Thursday, March 17, 2016

Was there even such thing as an “original meaning” of the constitution?

In at least two of my political science classes back at Hopkins, I heard professors assert as fact the idea that “there was no original interpretation!” of the constitution. The logic behind this viewpoint goes something like this:

“The constitution is at times ambiguous or vague, and even many of the framers disagreed about what it should mean. One famous example is Thomas Jefferson and Alexander Hamilton disagreeing about the National Bank. If even they could not agree on what they meant by it, how can we possibly figure it out today?”

First, we need to distinguish between ambiguity and vagueness. Ambiguity is when the same word can have multiple meanings that aren’t necessarily related. For example, “the right to bear arms” could technically mean either the right to carry weapons or the right to the upper appendages of animals from the Ursidae family. As that exaggerated example illustrates, intra-constitutional context can almost always determine which meaning was intended in cases of ambiguity.

Vagueness is different. Vagueness is when the general concept of something is understood, but the precise boundaries of that concept in practice remain uncertain. For example, prohibitions against “unreasonable search and seizure” carry a general connotation, but don’t specify what counts as that. In the case of vagueness, intra-constitutional context often does not suffice, so it’s okay to turn to extra-constitutional sources from the framing era or earlier to help resolve the matter.

However, this is okay only insofar as such sources are useful towards better informing our best guess as to what the meaning was at the time of ratification. This is important because it’s very different from the way left-wing justices handle vagueness today: proposing entirely new interpretations that lie far beyond the range of debate the framers ever conceived.

To visualize this, suppose all federal power could be quantified on a scale from 1-10 (one being almost no power, and ten being absolute power). Further suppose that clause X of the constitution was kind of vague: some Antifederalists felt it granted as few as two units of power, and some Federalists felt it granted as much as five units of power. It would be a reasonable argument, even an originalist argument, to propose a law that exercised four units of power, and then cite quotes from the Federalist framers as evidence this law was originally comprehended (at least by some) to fall within clause X.

This is not what “living document” theorists do.

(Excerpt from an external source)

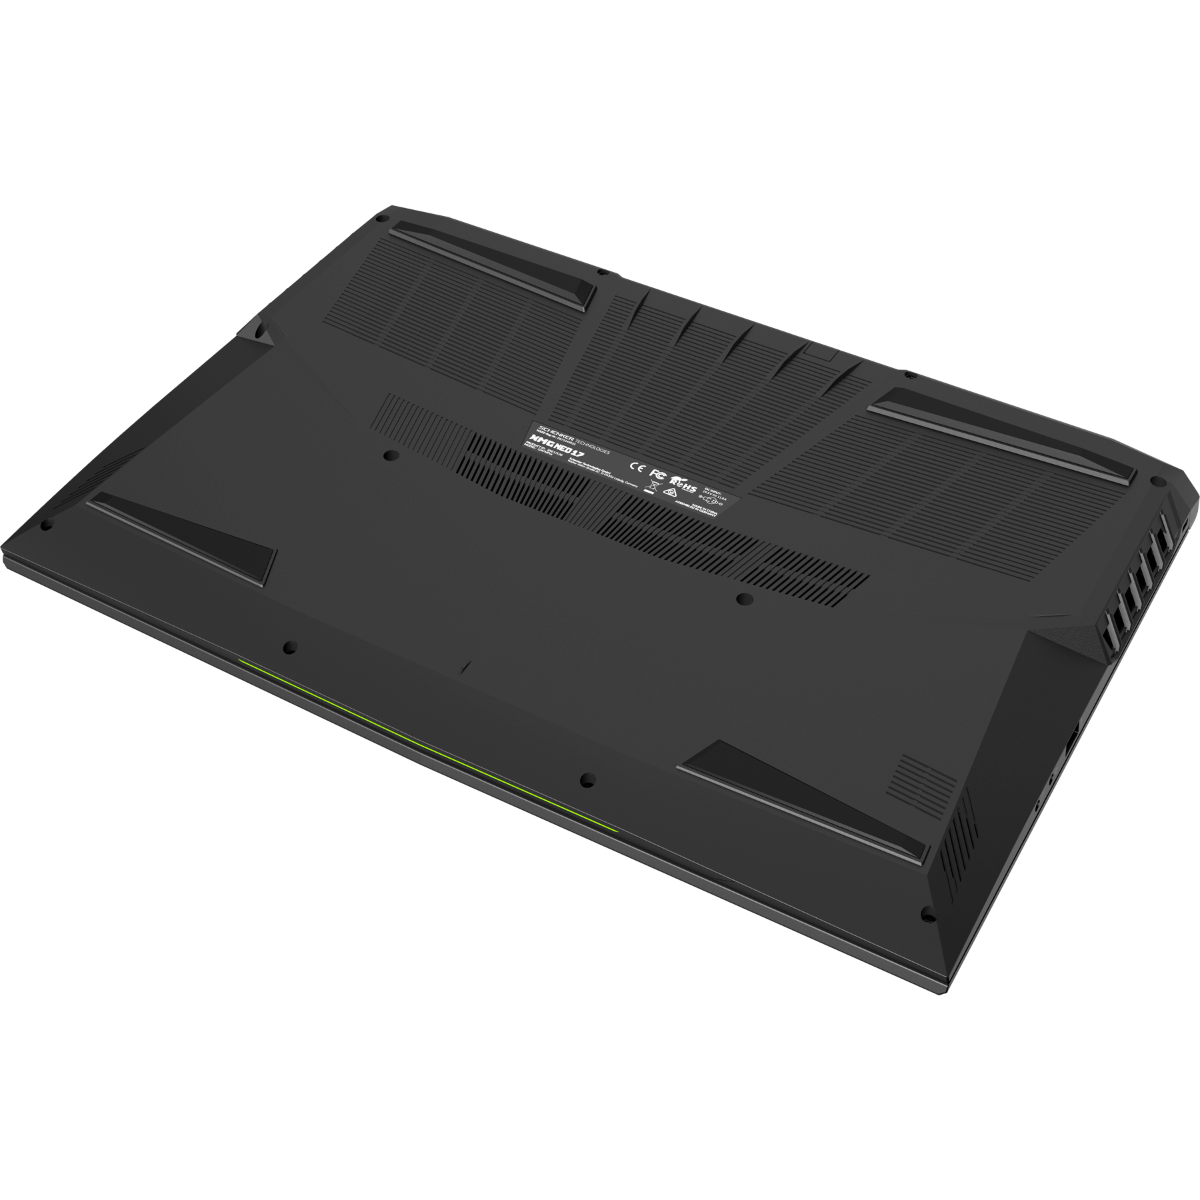 Schenker XMG Pro 17 (Early 2021, RTX 3070)

Instead, they propose a law that wields eight units of power, and claim it is constitutional under an entirely new, far more expansive interpretation of the clause. The recognition that there is no singular, unanimous original interpretation to harken back to is a fair point, insofar as it relates to your advocacy for one original interpretation over another.  But it does not follow from that observation that we should scrap the entire premise of understanding the words as they were originally understood. A proposed power needn’t have been unanimously favored by every framer – but it does need to be plausibly favored by some of the framers.

Put another way, the central premise of originalism is not that nothing in the constitution is up for interpretation, or that the answers are always clear. We do not eschew, deemphasize, or deny the necessary and complex work of deciphering the constitution’s meaning. What we’re about is clarifying which meaning which we ought to attempt to decipher in the first place. Specifically, we think the meaning that matters is the one which the people most likely understood when they consented to subject themselves to a government at the ratifying conventions. Alternative meanings which might be plausibly read into the constitution’s text by today’s most creative legal minds may be an interesting academic exercise, but without evidence that anyone officially consented to such an understanding of federal power, they can carry no moral or legal authority.

With that said, most reasonable originalists concede that there are certain passages of the constitution for which no specific meaning can be deciphered with a high degree of certainty. Originalists sometimes differ on how to handle these situations. My personal opinion on the matter is derived from famed originalist Randy Barnett’s “presumption of liberty.”

In the event that no guess as to the originally understood meaning is objectively more likely than another, consent theory mandates that the court must err on the side of nonconsent: that is, the side of unconstitutionality. The entire purpose of a constitution is to legitimize a government’s actions by attaining (or at least, attempting to claim) the consent of the governed. If there remains great doubt as to what it was that the people consented to in a particular case, it cannot be clearly known that the people freely subjected themselves to the exercise of power in question.

As anyone concerned by rape or sexual assault on college campuses should be able to tell you, if consent is not clear and unambiguous, it cannot be presumed to exist. Whenever anyone questions the constitutionality of the government’s actions, the nature of the social contract demands that the burden of proof be on those who claim authority. The same is true not only for governments, but for anybody who seeks to use another’s person or property. Until the authority to do so is definitively proven, the court must presume it does not exist at all.


This “presumption of liberty” need not come into play too often, however, as the constitution is usually much clearer than living document theorists pretend. Those who wish to wield power are biased arbiters: they have a natural incentive to read clauses as broadly as possible. Feigning confusion at seemingly straightforward passages enables the judiciary to work around inconvenient limits on federal power, thereby legitimizing interpretations that a neutral outsider would never reach upon first reading. Creating “gun free school zones” as an exercise of the commerce clause is a prime example of this. Very often, the most immediately obvious and intuitive interpretation of the constitution is the correct one.